VIERA, Fla. - UPDATE: The Brevard County School board voted Monday 4-1 to support Superintendent Mark Mullins' plan for teacher raises based on teacher performance, News 6 partner Florida Today reports.
The Brevard County school board is set to vote at 9 a.m. Monday on whether to accept or reject a proposal to raise teacher salaries that has been endorsed by a special magistrate.
At around 8 a.m. that morning, a group of students, teachers and parents will gather before the school board building in Viera to show their support for that proposal which has long been backed by the Brevard Federation of Teachers but was rejected by Superintendent Mark Mullins, according to News 6 partner Florida Today. Last week Mullins unveiled a new proposal that was rejected by BFT and would likely be presented as an alternative for the school board to consider.
Here's what you need to know:
What is the board voting on?
The board is voting on a proposal to raise pay by $2,300 and $1,725 for 'highly effective' and 'effective' teachers respectively. The proposal also includes a supplement for exceptional student education.
This proposal was endorsed by an impartial state-appointed special magistrate on May 17 following an impasse between the union and the school district that has dragged on since December.
The magistrate's assessment of the district's finances is that these pay raises could comfortably be paid for.
Why has the proposal come to a school board vote?
After the proposal was endorsed by the magistrate, Brevard School District Superintendent Mark Mullins rejected the magistrate's recommendation. This forced the proposal to go to a school board vote.
Mullins maintains that the district cannot afford to pay for such raises.
Why are people demonstrating?
Brevard teachers are among the lowest paid in the state, despite the school district performing relatively well in education achievement.
As a result of the low pay for teachers, Brevard schools have fallen victim to a 'silent strike', by which teachers have left the county at high rates. This retention crisis has meant that over 600 teachers have left the county in just three years.

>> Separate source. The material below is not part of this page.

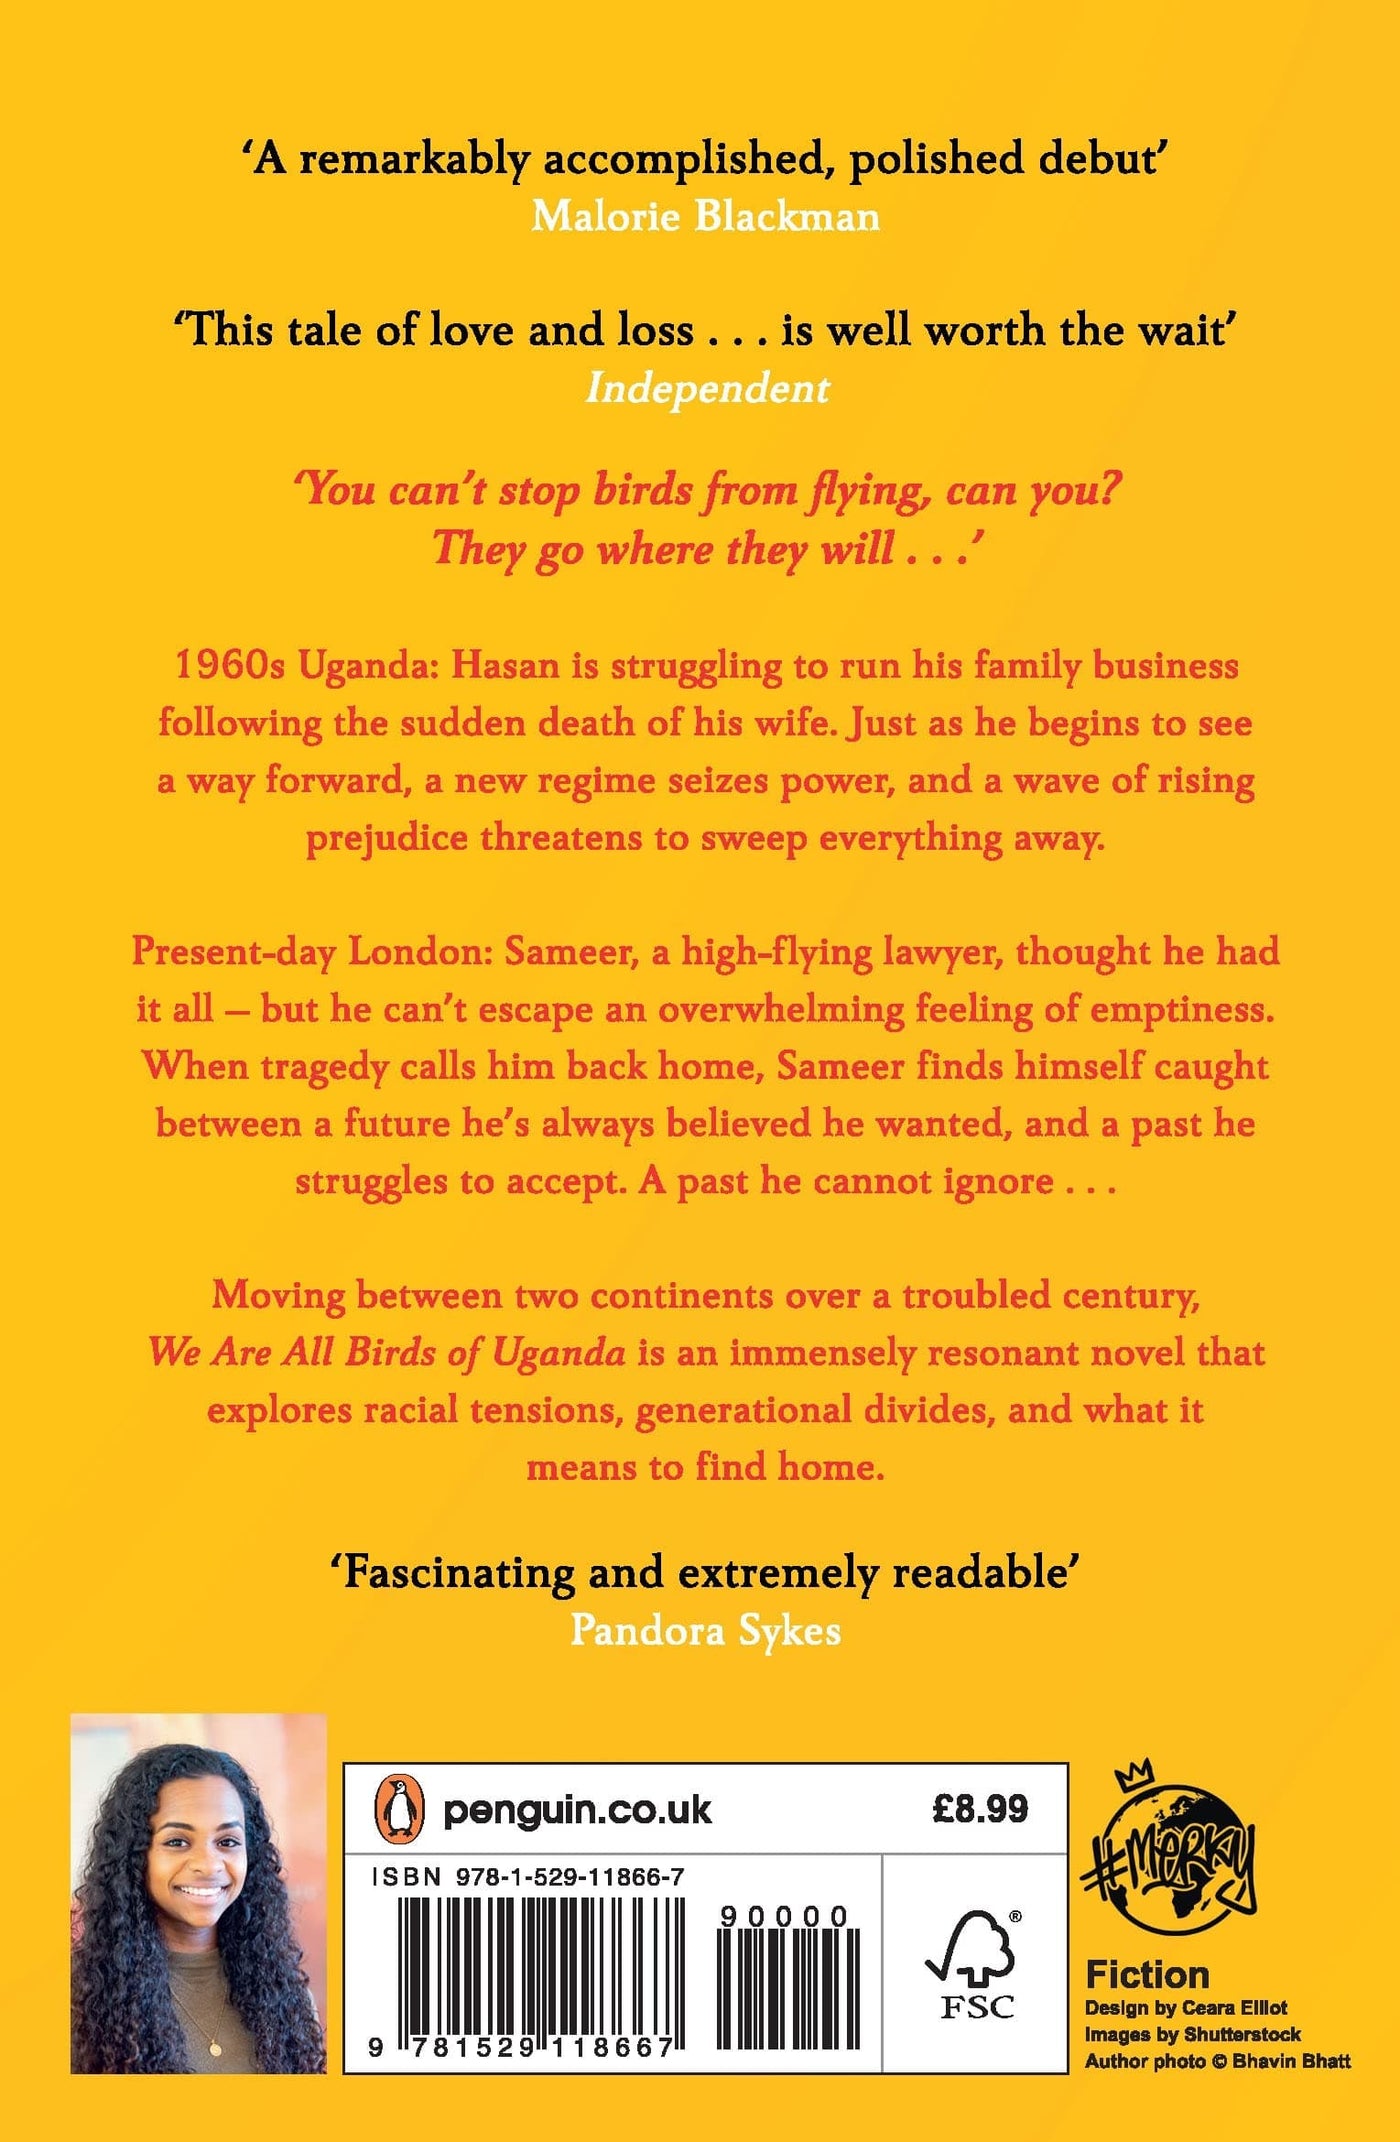 We Are All Birds of Uganda: Hafsa Zayyan Paperback

The BFT is not optimistic that the school board with vote favorably on the proposal.
The BFT is also concerned that a strongly rebuked last-minute proposal unveiled by Mullins's office as a seeming attempt at compromise may sway the board to reject the magistrate's plan.
What is Mullins proposing as an alternative?

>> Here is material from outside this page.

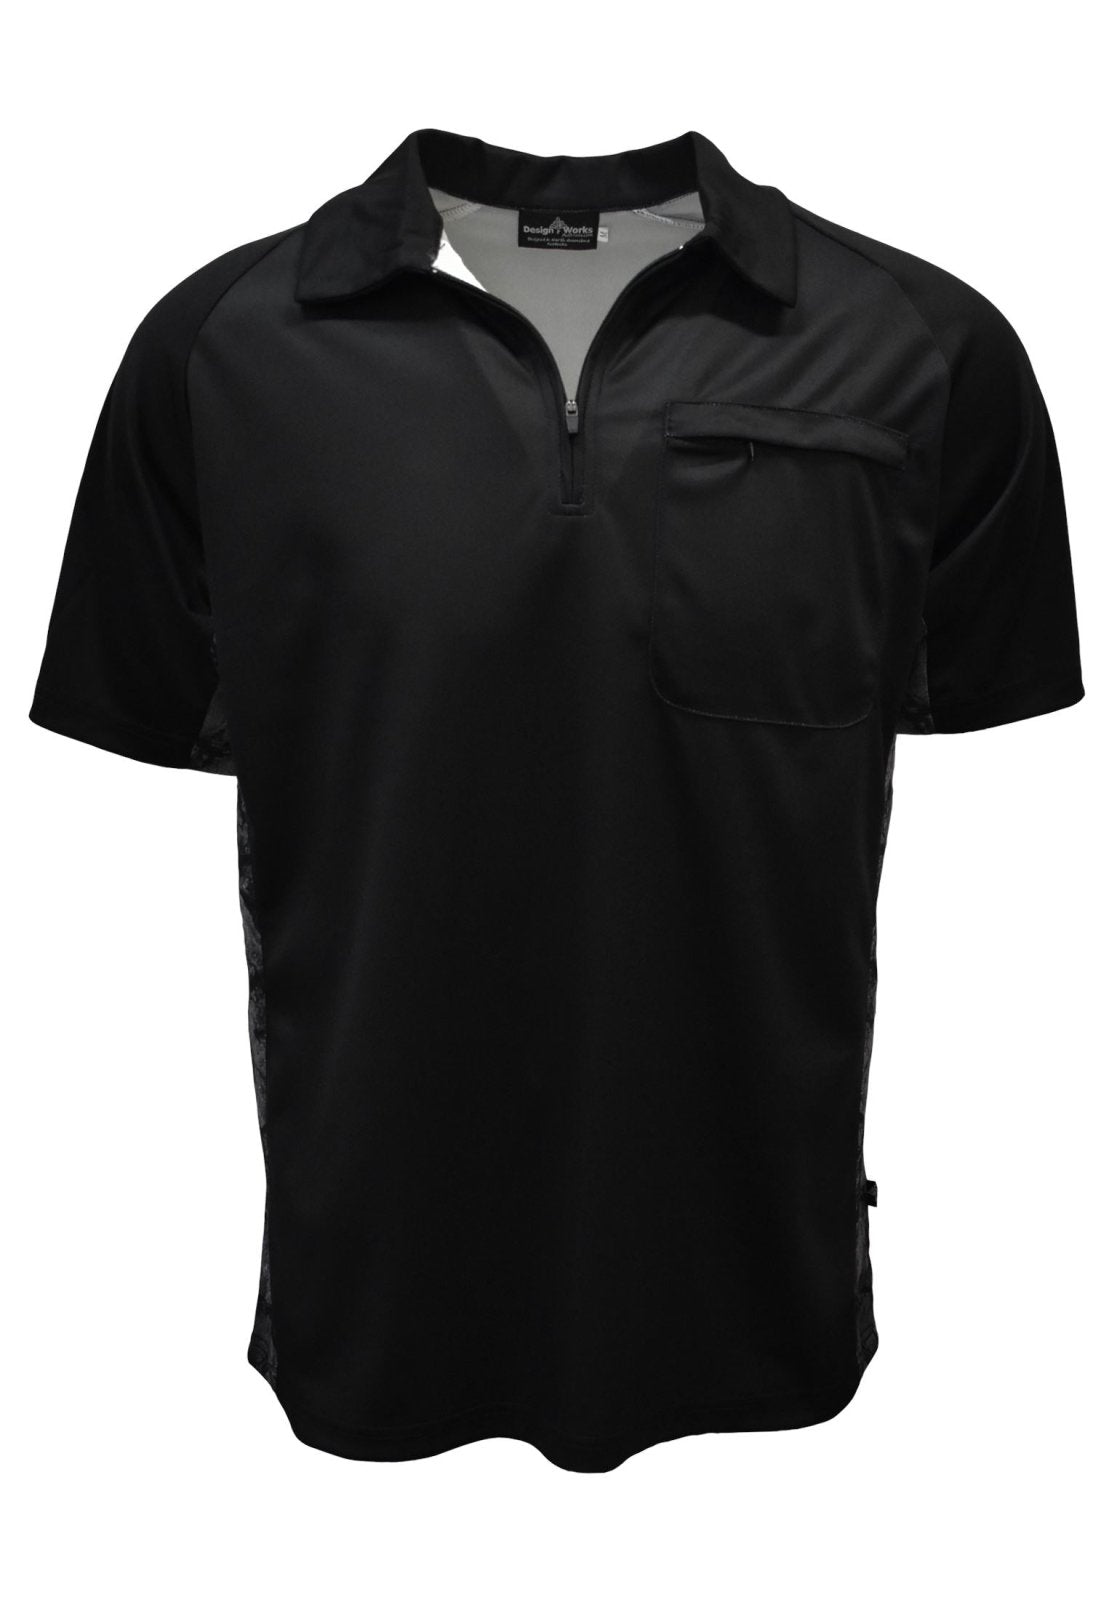 Sports Black Adult Short Sleeve UV Protective Golf Plain Fishing Shirt

Mullins's offer includes raises of $1,100 and $825 for "highly effective" and "effective" teachers respectively, with a $650 one-time bonus added plus a $500 bonuses for all first-year returning teachers.
Mullin's plan matches the supplement requested for exceptional student education.
The rollout of Mullins's new offer last week in a snap-press conference drew criticism from BFT that he is trying to unfairly influence the special magistrate process and the school board vote.